楚宴川的喉结动了动,面上却是一副被吓到的表情:
“三、三个?官家小姐?”
“可不是嘛。”那兵卒叹了口气,“都是好人家的姑娘,一个比一个漂亮,死得可惨了!”
楚宴川凑了过去:“怎么个惨法?”
兵卒:“听说胸口直接划拉开了一刀,把里面的心脏取走了,你说这凶手,是不是丧心病狂?!”
楚宴川一副吃惊又被吓到的模样,连连点头:“太可怕了!太丧心病狂了!这……这还是人吗?!”

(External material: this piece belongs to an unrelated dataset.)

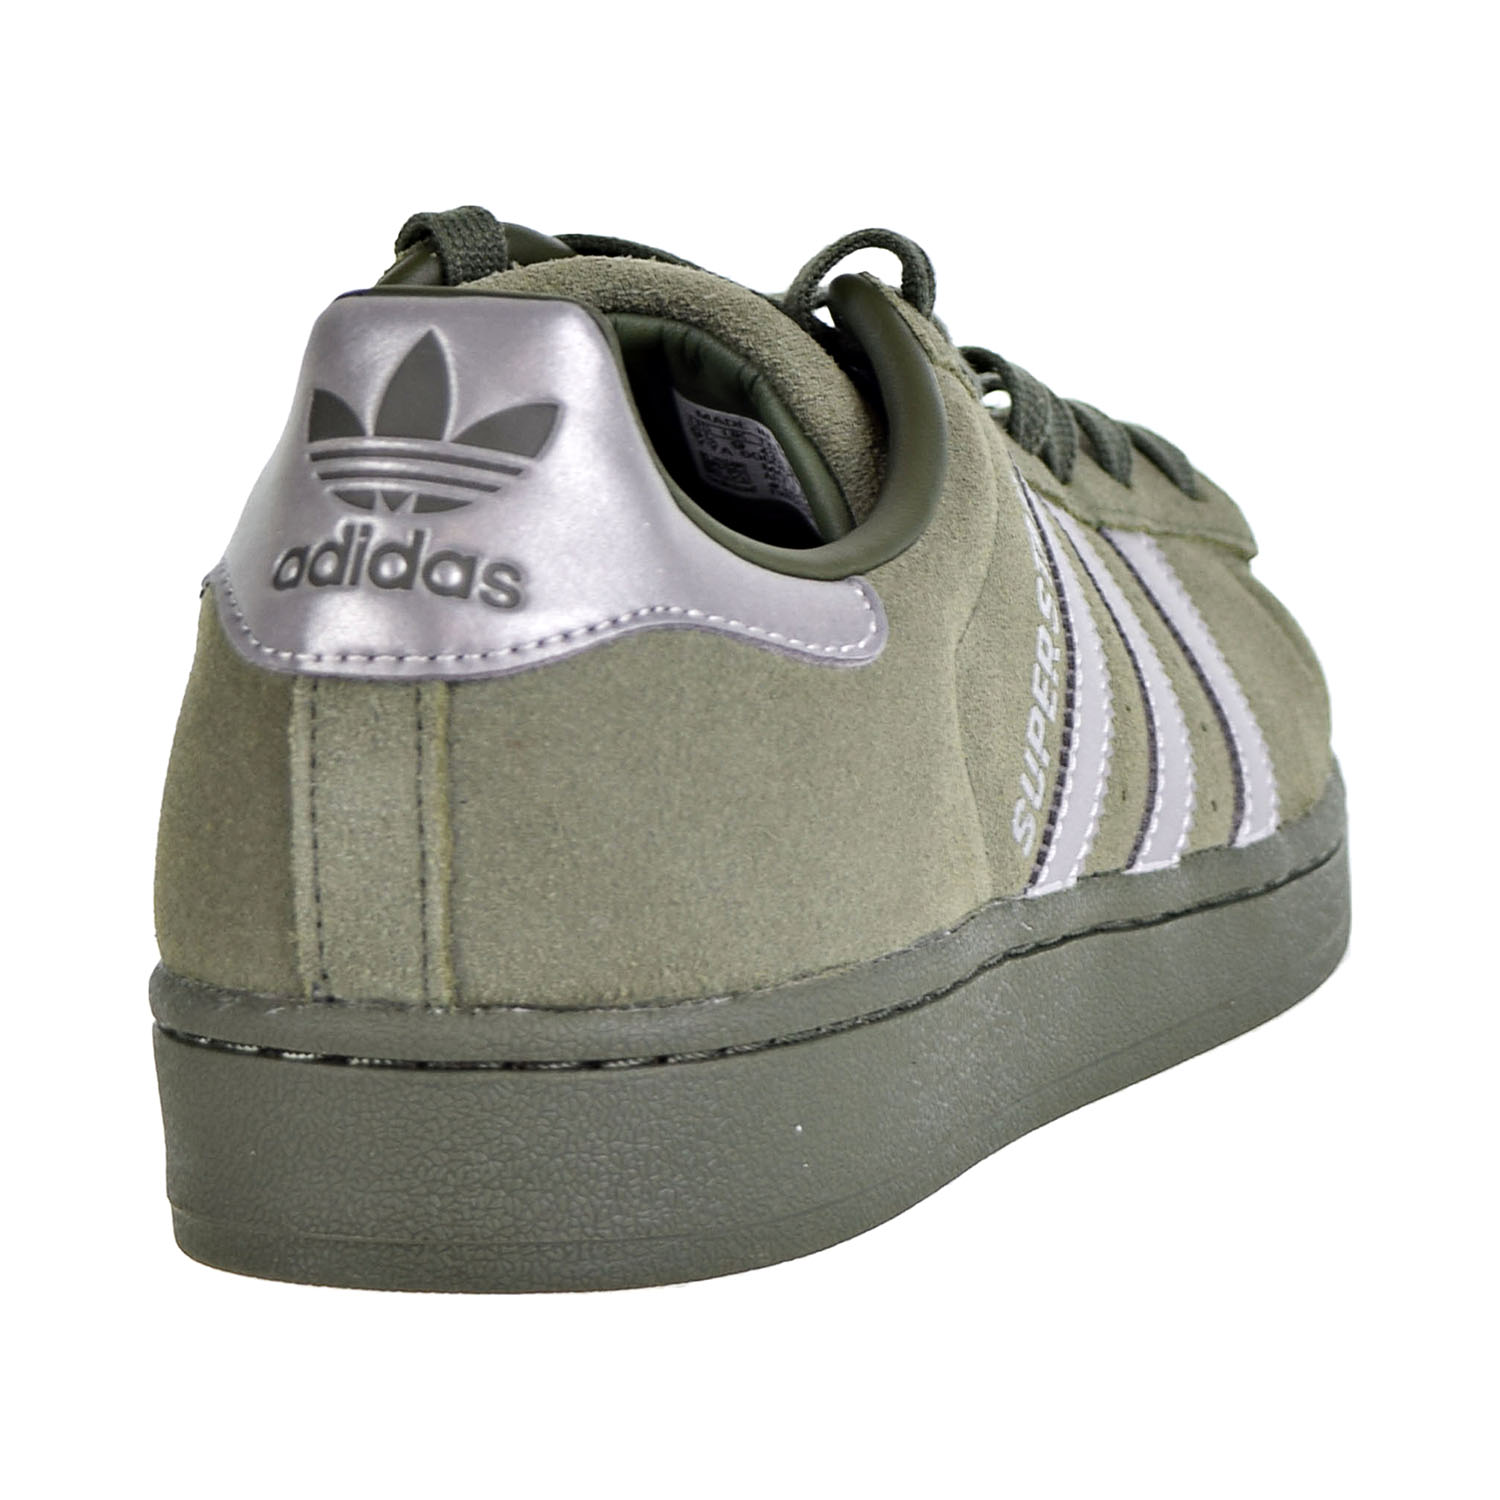 Adidas Superstar Men's Shoes Base Green-Black-Night Cargo B41988 | eBay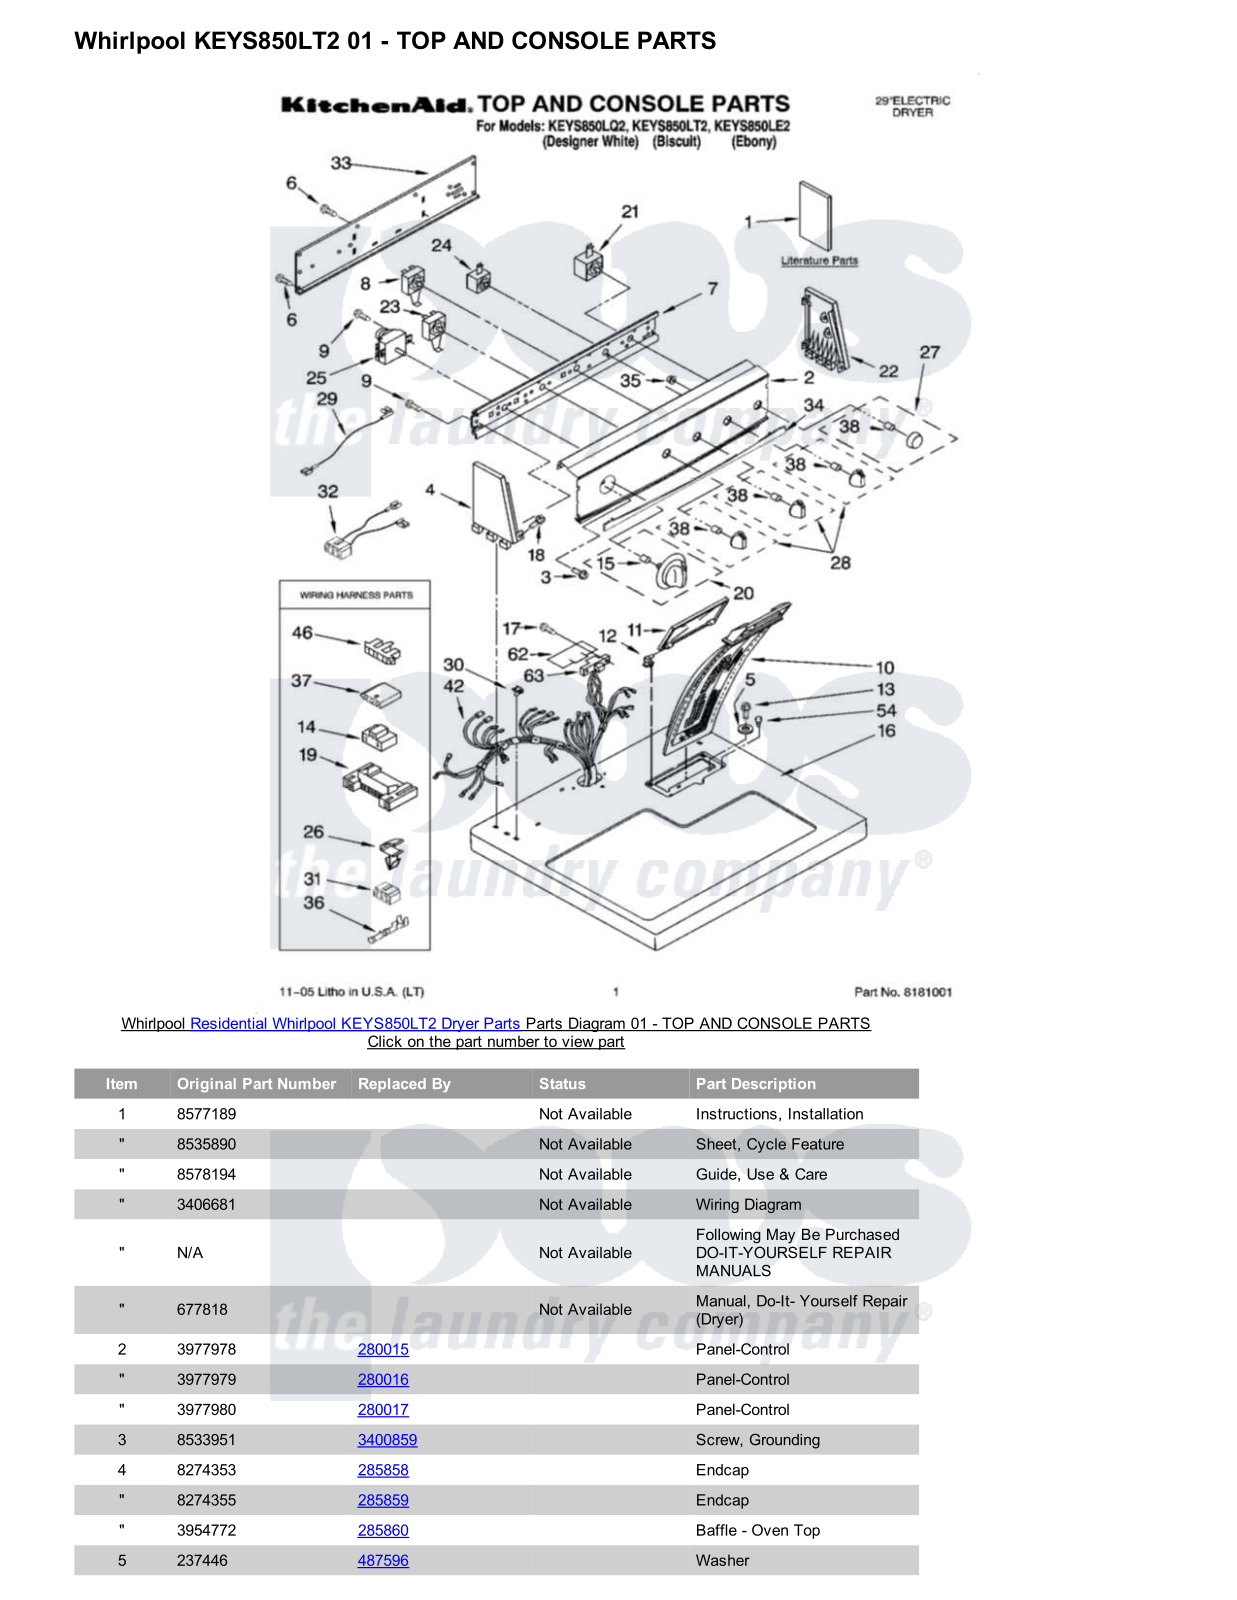 Whirlpool KEYS850LT2 Parts Diagram

那兵卒拍了拍他的肩膀:“所以啊,你们进城以后,老实做买卖,别乱跑,夜里别出门。尤其是你家那媳妇,长得怪水灵的,出门小心点。”
楚宴川的眼底有什么东西一闪而过,快得几乎看不见。
再抬眸时,依旧是那副憨厚老实的笑脸:
“多谢官爷提醒!多谢多谢!那……那我们就先进去了?”
“去吧!去吧。”
楚宴川连声道谢,转身上车,一扬鞭子。
三辆马车缓缓启动,车轮碾过青石板,发出咕噜咕噜的闷响。
夏樱看了一眼怀里抱着的老二安安,手指轻点他的额头。
“你个小调皮!知道外面有热闹看,故意的吧!”
安安眨巴眨巴眼睛,一脸无辜。
方才在空间里,这小子就跟上了发条似的,扯着嗓子鬼哭狼嚎,果果都招架不住。
眼看再嚎下去,哥哥和妹妹都要被他带起来一起嚎,那场面简直不敢想象,夏樱干脆把人抱出来了,有个孩子打掩护更好。
哪知道这小子,一到她怀里,立刻就收了声。
整张小脸上写满了:我刚才什么都没干,我是最乖的宝宝。
车帘掀开一条缝,夏樱探出半边脸,装作好奇地往外张望。
然后,她的目光扫过城墙。
扫过去,又扫回来。
停住了。
城墙上,每隔十几步就贴着一张通缉令,白纸黑字,还附上画像,盖着猩红的大印。
夏樱盯着那画像,眨了眨眼。
又眨了眨眼。
怎么……越看越眼熟?
那不是失联的楚洛尘,又是谁?!
感情,他就是引起全程戒严的那个人?!
他还杀了三个官家小姐?!
楚洛尘?
怎么可能?!
两人对视一眼。
都从对方眼中看到了同一个意思:这事儿,不对劲。
马车继续向前,混入落星城熙熙攘攘的人流里。
街上的行人不少,但一个个低着头,脚步匆匆,像是背后有什么东西在撵着似的。
偶尔有官兵列队经过,铠甲摩擦的声音在石板路上格外清晰。
他们三三两两散开,挨家挨户地搜。
马车七拐八绕,沿着月川河一路向前,终于在一家客栈门口停了下来。
落星城里有条穿城而过的河,叫月川。
月川从西来,向东入海,是这座城的血脉,也是南来北往的商船最爱的水道。
沿河而建的客栈少说有二三十家,从草棚子搭的鸡毛小店到雕梁画栋的豪门大店,高低贵贱一应俱全。
他们停的这家,叫云来客栈,中规中矩。